Note: File three copies of this Form, one of which must be manually signed. If space is insufficient, see Instruction 6 for procedure.
Persons who respond to the collection of information contained in this form are not required to respond unless the form displays a currently valid OMB Number.

FAQ

What insider transaction did StoneX Group Inc. (SNEX) report for John M. Fowler?

StoneX director John M. Fowler reported receiving 121 restricted shares of common stock on January 30, 2026. The shares were granted at a price of $0 under the company’s Restricted Stock Program as part of his equity compensation.

How many StoneX (SNEX) shares does John M. Fowler beneficially own after this Form 4?

After the reported transaction, John M. Fowler beneficially owns 114,890 StoneX common shares directly.
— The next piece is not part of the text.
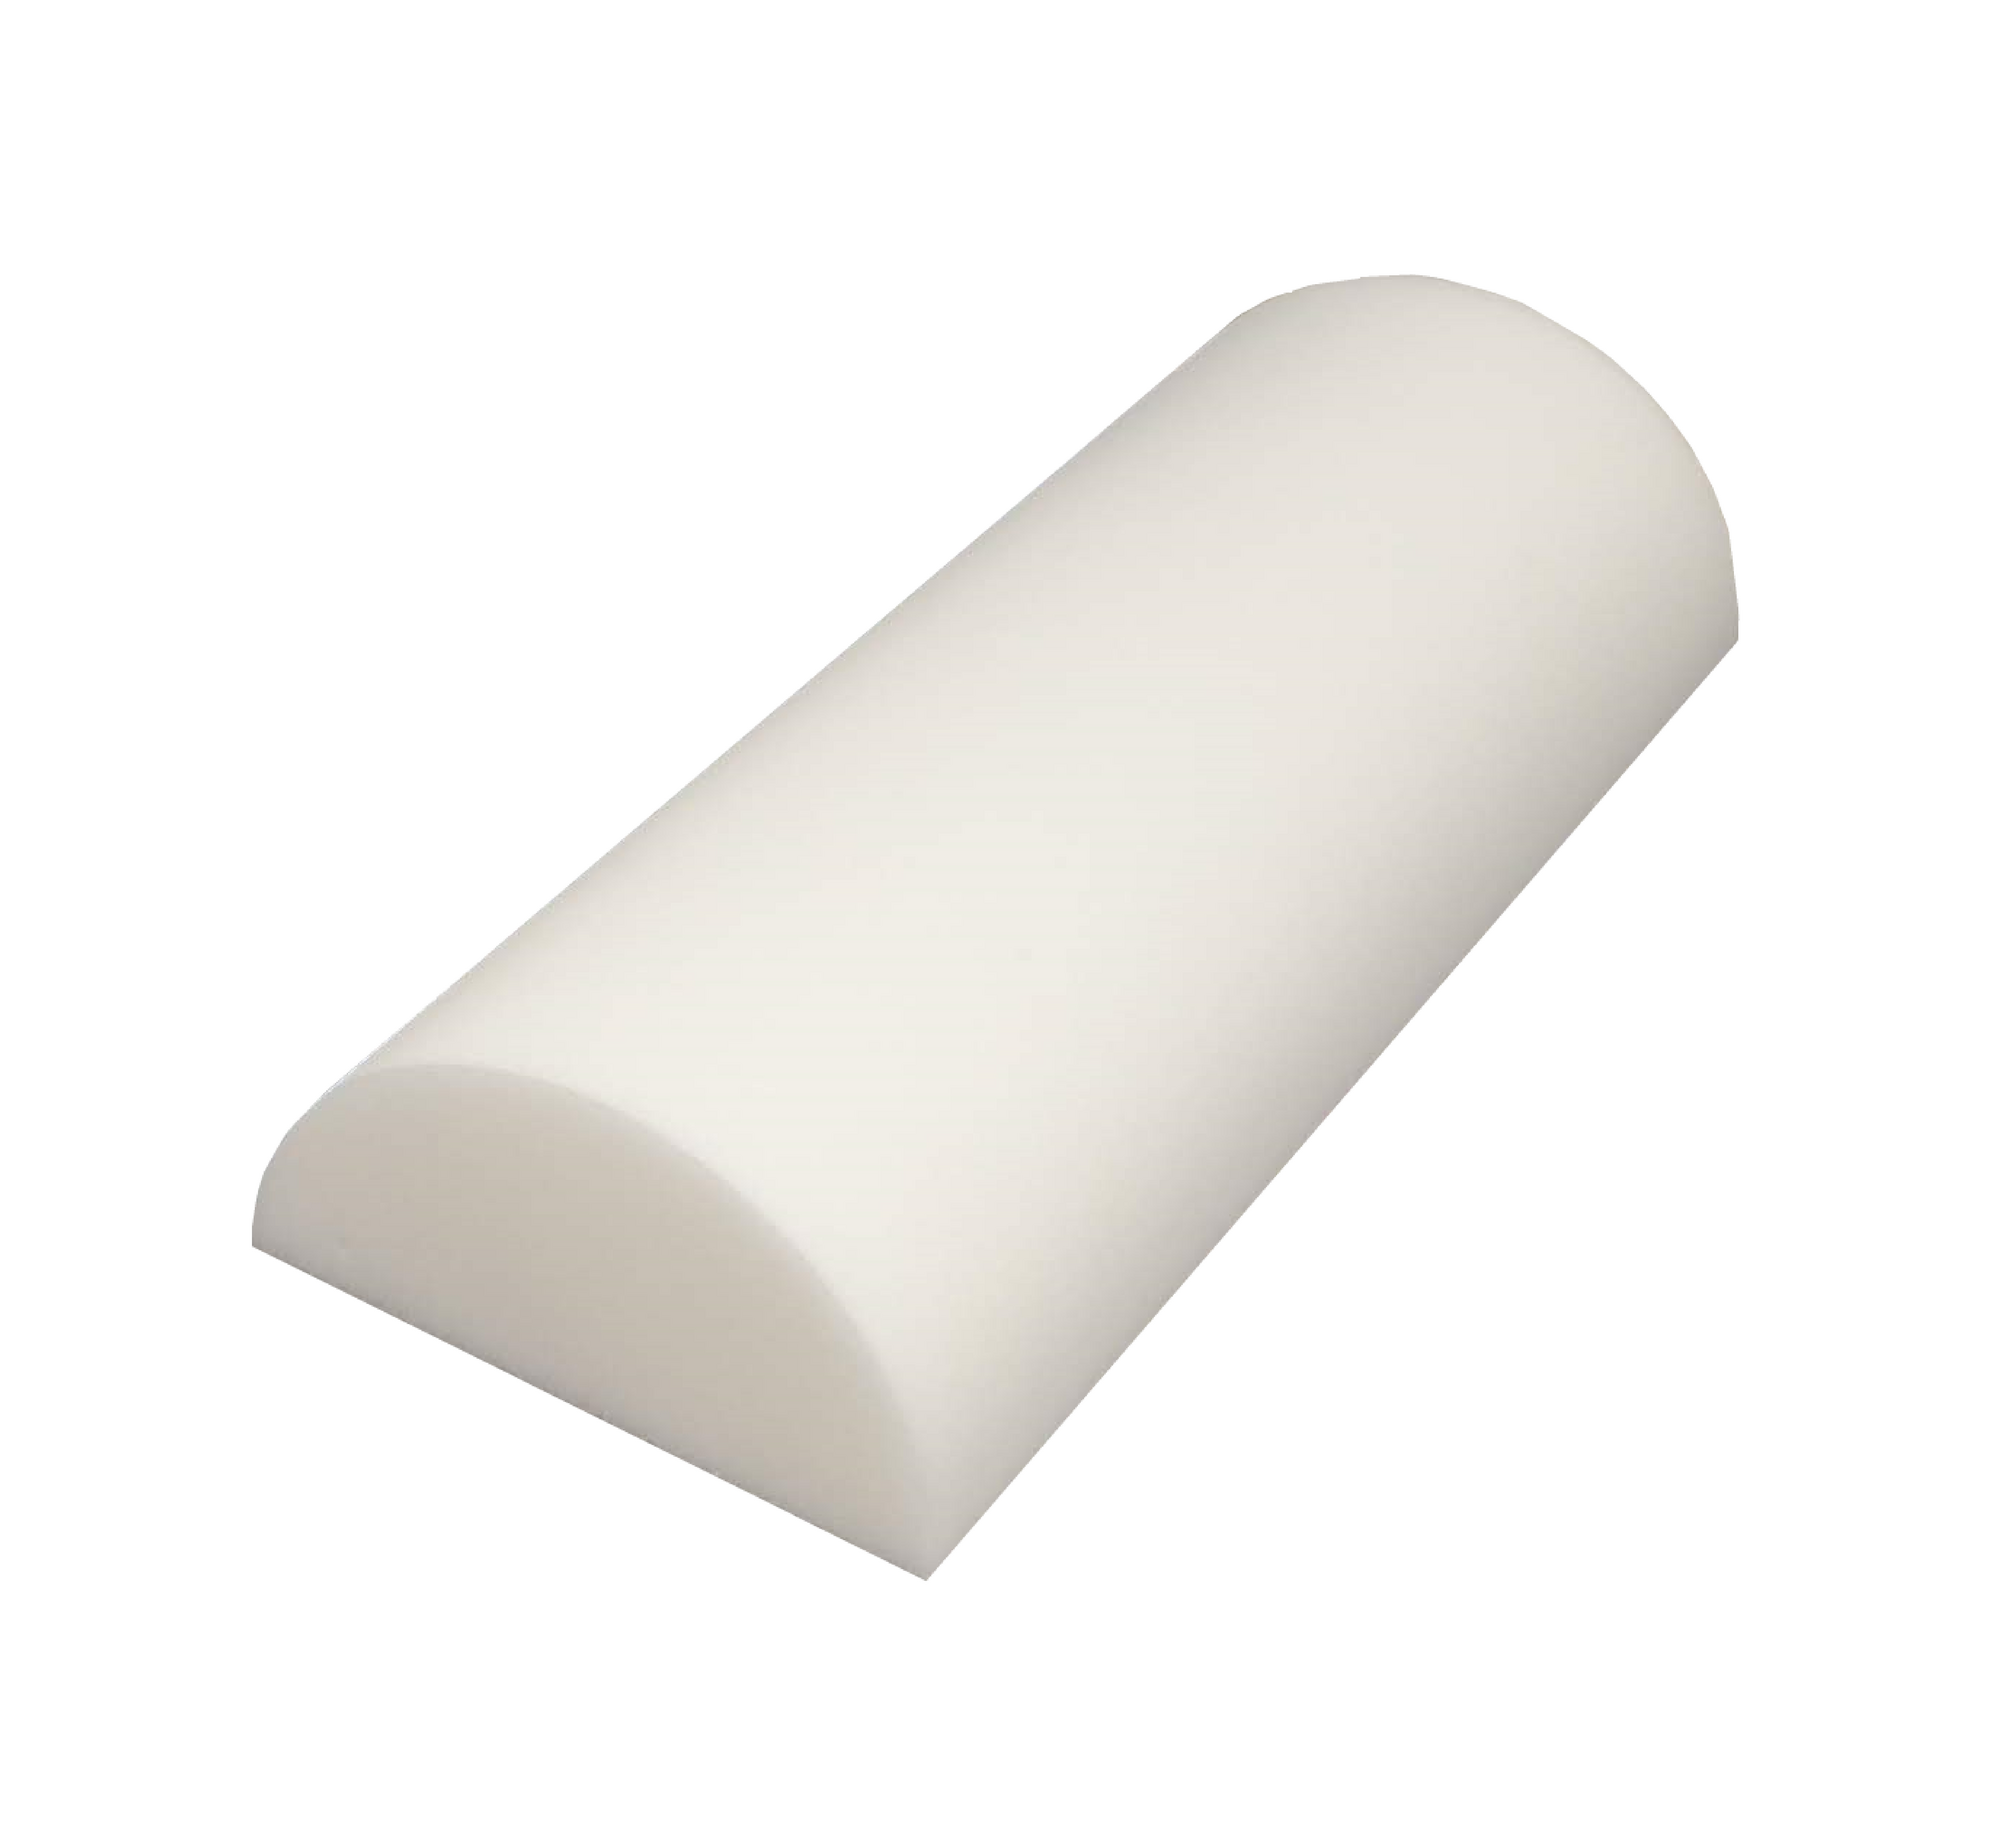 Disposable Body Support Bolster

The filing also shows an additional 3,000 shares of common stock held indirectly through his spouse, reported as indirect beneficial ownership.

How do the restricted StoneX (SNEX) shares granted to John M. Fowler vest?

The 121 restricted shares granted to John M. Fowler vest in three equal annual installments. According to the footnote, the shares vest equally on the first, second, and third anniversaries of the grant date under the company’s Restricted Stock Program.

What does the indirect ownership by spouse mean in the StoneX (SNEX) Form 4?

The Form 4 shows 3,000 StoneX common shares held indirectly "By Spouse" for John M. Fowler. This indicates the shares are owned by his spouse, but are reported as indirect beneficial ownership in accordance with SEC insider reporting rules.

What role does John M. Fowler have at StoneX Group Inc. (SNEX)?

The filing identifies John M. Fowler as a director of StoneX Group Inc. Directors commonly receive restricted stock grants as part of their compensation, and this Form 4 records one such award and his updated beneficial ownership positions.

Was there any sale of StoneX (SNEX) shares in this Form 4 filing?

No sale is reported in this Form 4. The filing shows an acquisition of 121 restricted shares at $0 and updated direct and indirect beneficial ownership totals, with no disposition or sale transaction code disclosed.